Open Science on a Global Stage

The United Nations' Dag Hammarskjöld Library hosted a world-class, virtual Open Science Conference over 3 half-days, 21-23 July 2021. Designed to include speakers from around the globe, its tag line was "From Tackling the Pandemic to Addressing Climate Change". The host for the event, Thanos Giannakopolous, Chief Librarian at the Dag Hammarskjöld Library, kept the conference on an even keel, despite a few technical hiccups.

The Second UN Open Science Conference  celebrated the role of open science in affecting policy making, both on a global and local scale, with an active Twitter feed (#openscienceUN). Integral to the UN’s Sustainable Development Goals (SDGs), the open science movement is of interest, not only to librarians, but also to researchers, scientists, funders, governments, non-governmental organisations, and the general public.

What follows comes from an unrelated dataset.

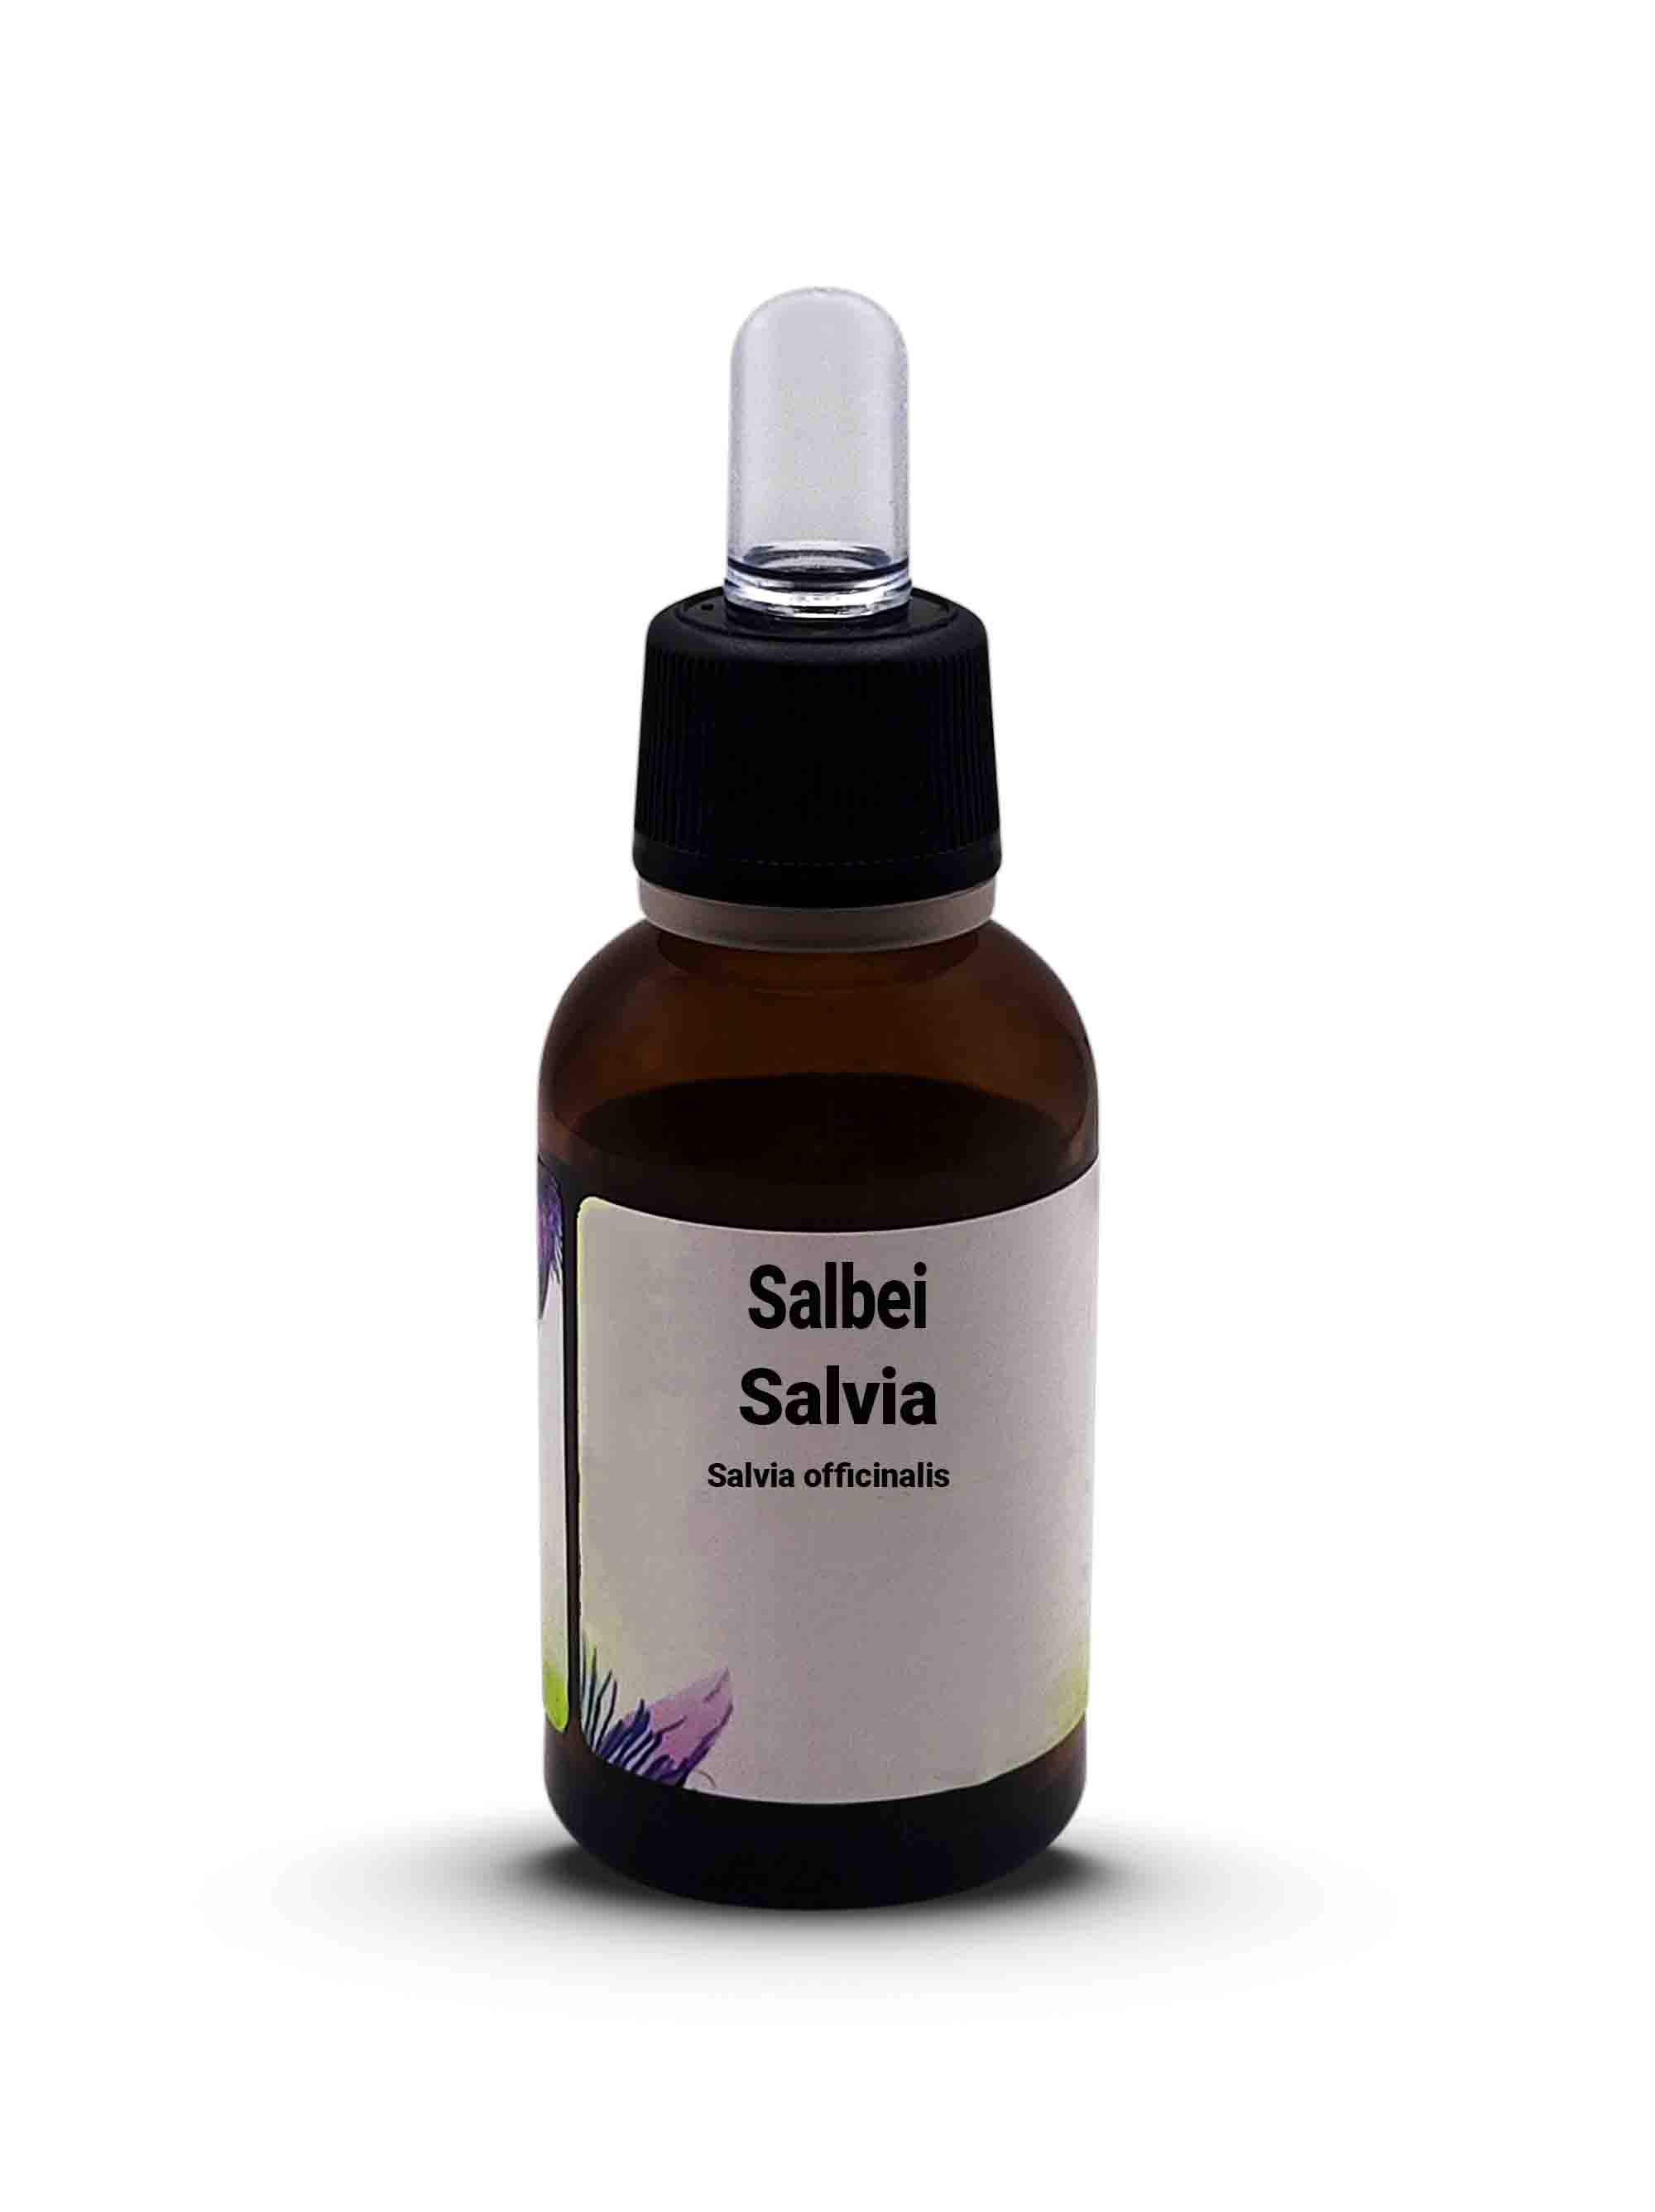 Salbei Salvia - Salvia officinalis 30 ml

UNESCO Recommendation on Open Science

Most impressive was the calibre of the speakers at the conference. The opening address by Shamila Nair-Bedouelle, Assistant Director General of UNESCO, was inspiring. Stating that “Science is all around us”, she stressed the importance of science literacy and called on us to recognize the importance of scientific humanists. Describing a science camp for girls in rural areas, she said we need to encourage women’s involvement with science and promote science in the developing world. She spoke at length about the UNESCO Recommendation on Open Science, scheduled for adoption by Member States this year.

“The Recommendation is expected to define shared values and principles for Open Science, and identify concrete measures on Open Access and Open Data, with proposals to bring citizens closer to science and commitments to facilitate the production and dissemination of scientific knowledge around the world. The Recommendation will be developed through a regionally balanced, multistakeholder, inclusive and transparent consultation process.”

Reforming scientific publishing

Keynoting the second day was Geoffrey Boulton, International Science Council. He called for urgent reforms in publishing. Normalise pre-prints, open licenses and citable data publication. Implement novel peer review, platform-agnostic discovery services, and global curation infrastructures for the Record of Science. Establish governance within the science community that provides incentives from bibliometric to open science, is globally inclusive/nationally efficient, and has distributed functions/common standards.

Bolton’s wake up call for the new normal of open science included the exhortation to act early and act hard. Covid is a stress test for science, he thinks, and not only is there no silver bullet for open science since the need for political will to instigate change is necessary, but also there is no vaccine for climate change.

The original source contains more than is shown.